Simulations of Nanometer-Thick Lubricating Films

Abstract

Hydrodynamics and elastohydrodynamics have been successful in describing lubrication by micron-thick films. However, these continuum theories begin to break down as film thicknesses become comparable to molecular dimensions. An increasing number of applications require an understanding of lubricants in such severely confined geometries. Examples include lubrication of nanoscale bearings in micromachinery or high-density magnetic disk drives, as well as asperity interactions in macroscopic bearings that operate in the mixed lubrication regime.Development of new experimental and theoretical techniques for studying thin lubricant films has paralleled the growing interest in their properties.

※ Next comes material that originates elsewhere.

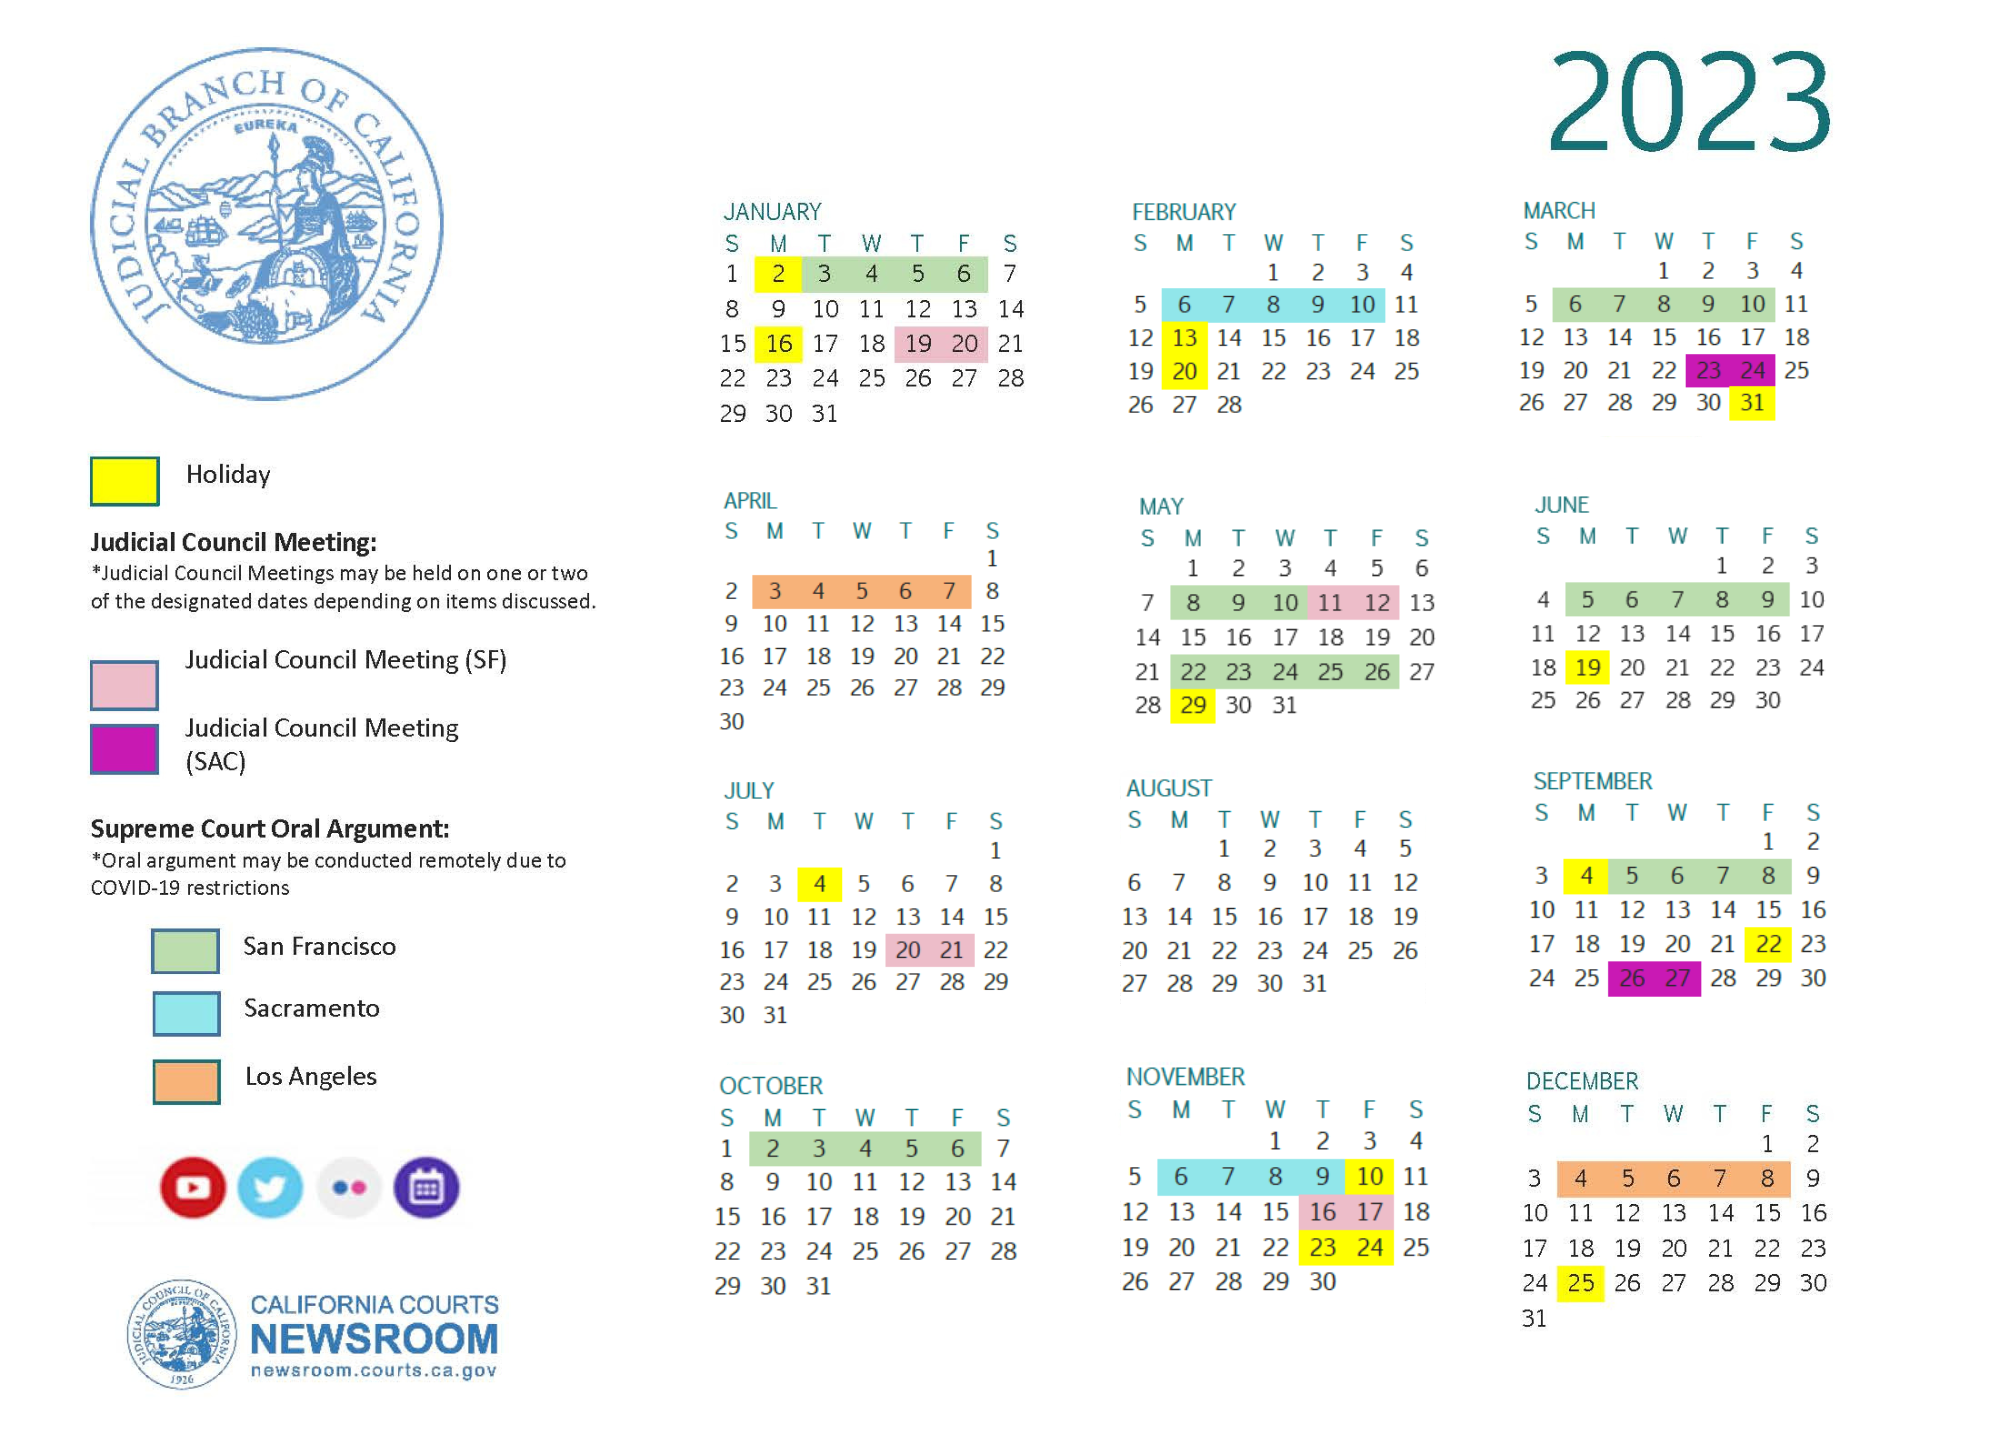 Judicial Council Calendar for 2023

The surface force apparatus (SFA) allows normal and shear forces to be measured between atomically flat solid surfaces while their separation is determined to within 0.1 nm using interferometry or capacitance. The contact area in the SFA is typically 100 μm across, much larger than the separation between solid walls. The atomic force microscope (AFM) can be used to explore friction in lubricated contacts whose diameter is comparable to the separation (5 nm). This allows spatial resolution of the frictional force on a molecular scale. Quartz-crystal oscillators have been used to determine the frictional forces between a surface and an adsorbed film of one or more monolayers. Theoretical advances have been aided by the advent of supercomputers that allow thin films to be simulated at the molecular level using molecular dynamics. These new experimental and theoretical techniques reveal a sequence of dramatic changes in the static and dynamic properties of fluid films as their thickness approaches molecular scales.